Provided data
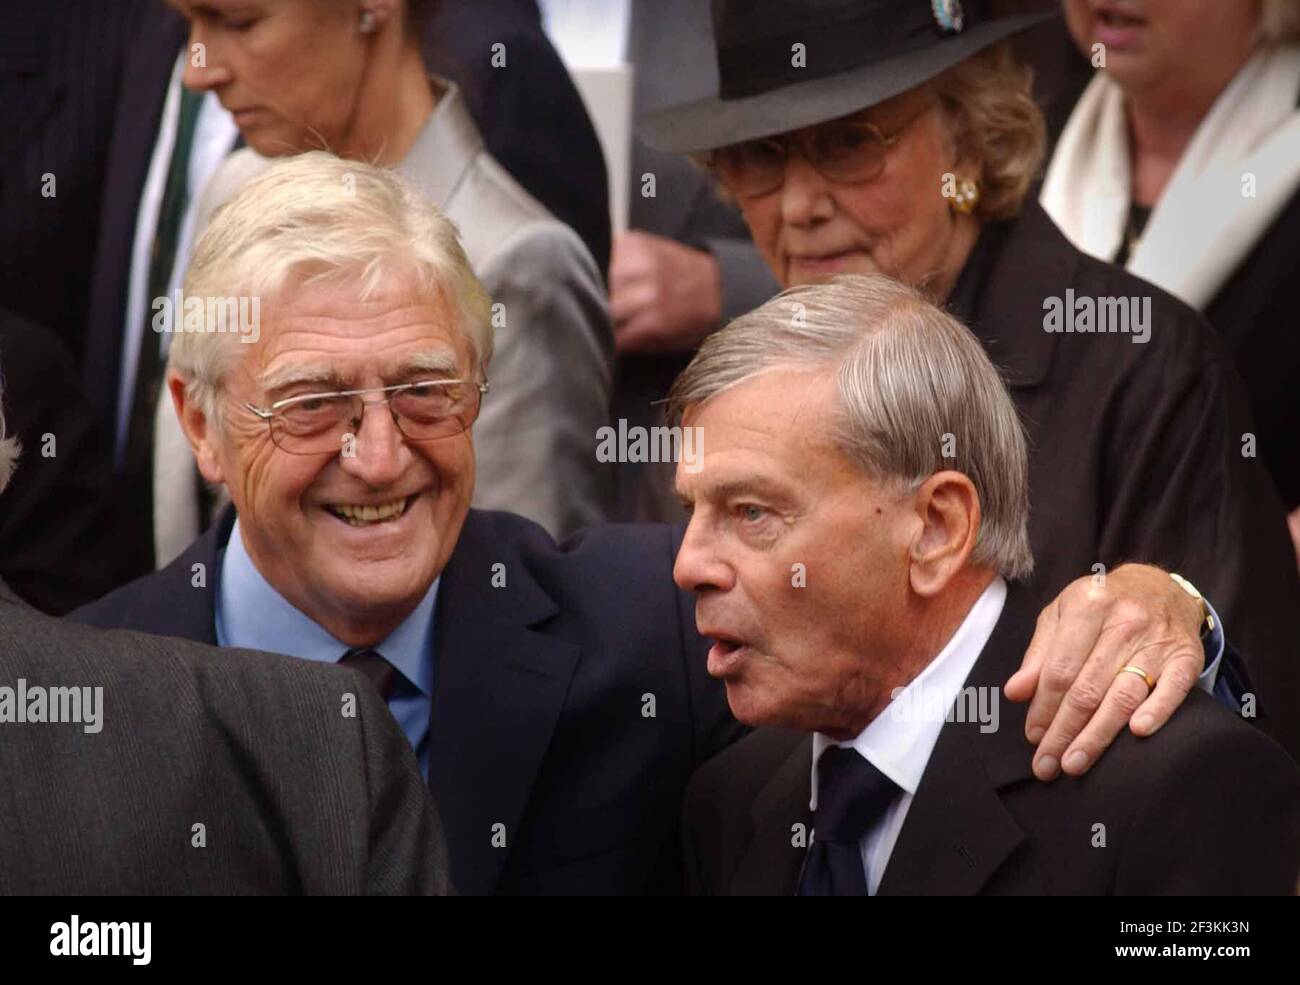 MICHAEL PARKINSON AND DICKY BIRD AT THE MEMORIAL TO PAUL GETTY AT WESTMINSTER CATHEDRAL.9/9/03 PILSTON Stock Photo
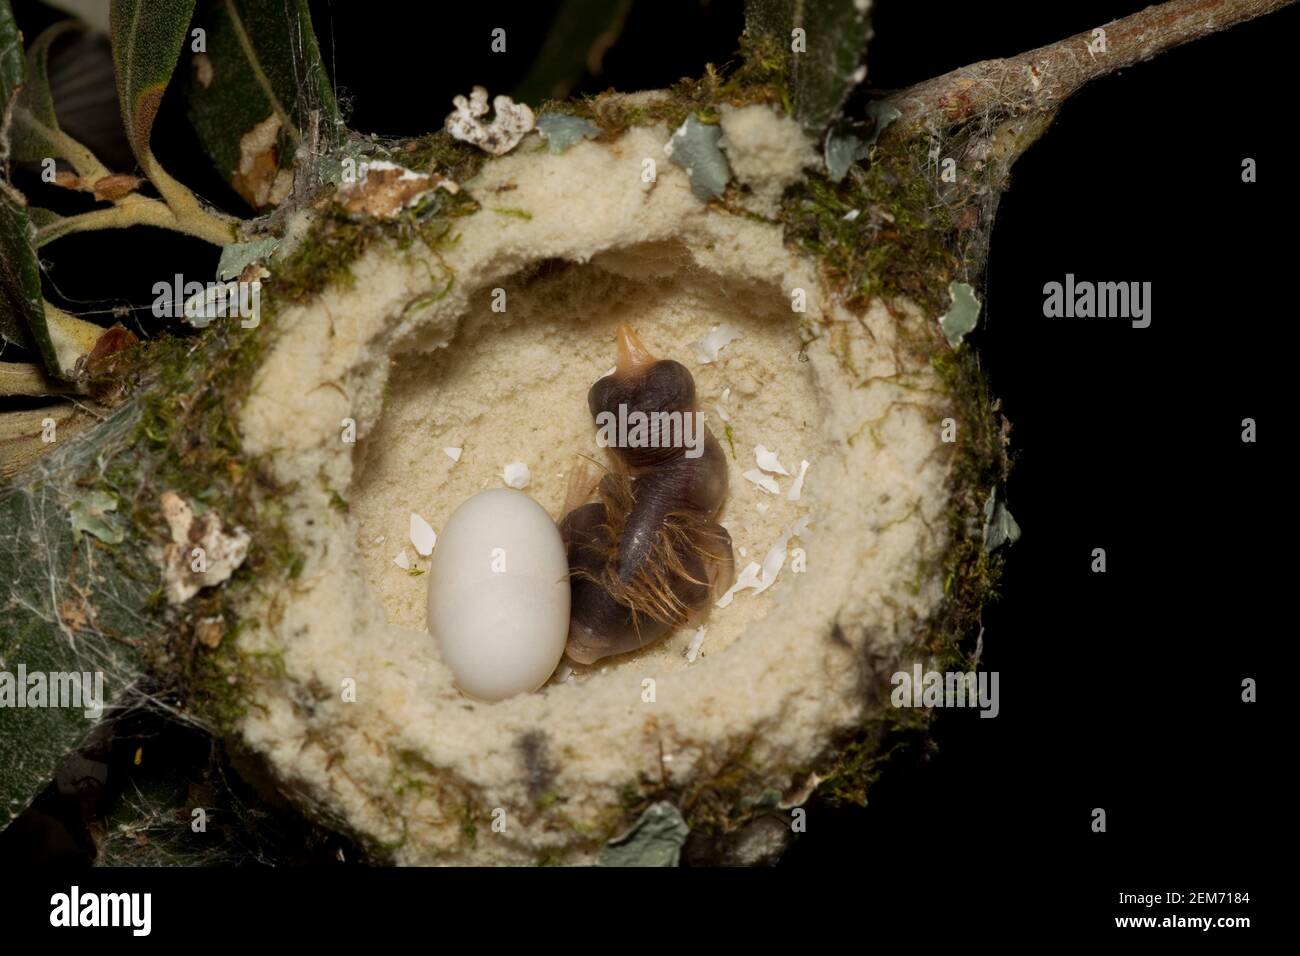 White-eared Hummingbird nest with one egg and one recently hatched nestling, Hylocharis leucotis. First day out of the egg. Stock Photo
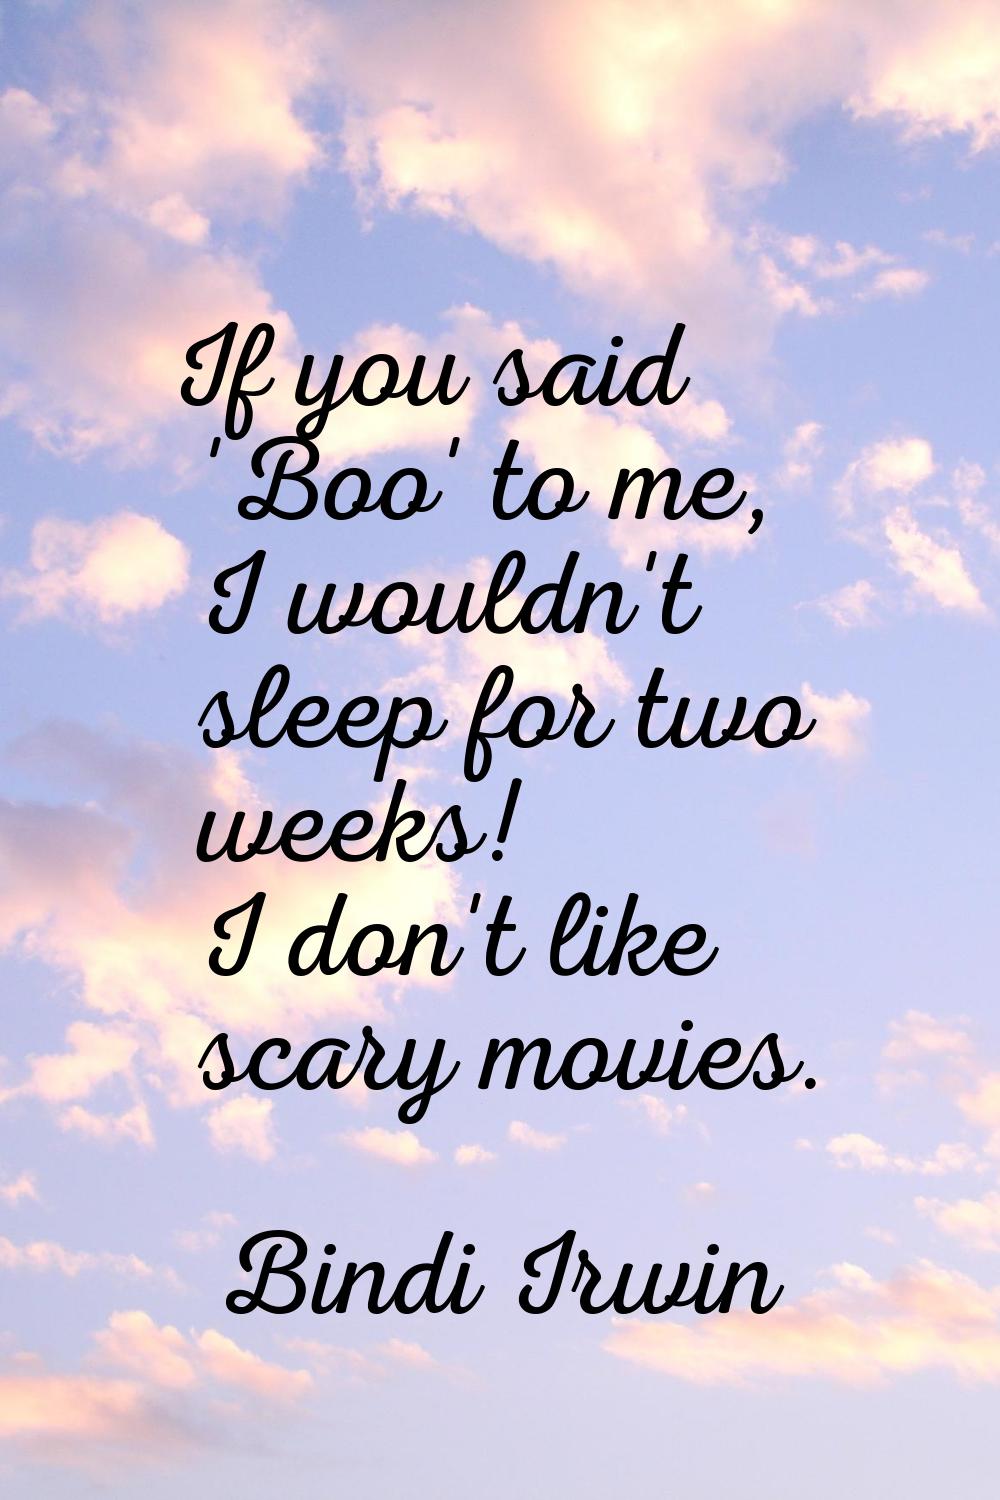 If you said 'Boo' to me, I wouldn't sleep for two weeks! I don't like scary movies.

Task brief
Please copy the data above exactly, omitting the pictures.

Problem solution
 MICHAEL PARKINSON AND DICKY BIRD AT THE MEMORIAL TO PAUL GETTY AT WESTMINSTER CATHEDRAL.9/9/03 PILSTON Stock Photo
 White-eared Hummingbird nest with one egg and one recently hatched nestling, Hylocharis leucotis. First day out of the egg. Stock Photo
 If you said 'Boo' to me, I wouldn't sleep for two weeks! I don't like scary movies.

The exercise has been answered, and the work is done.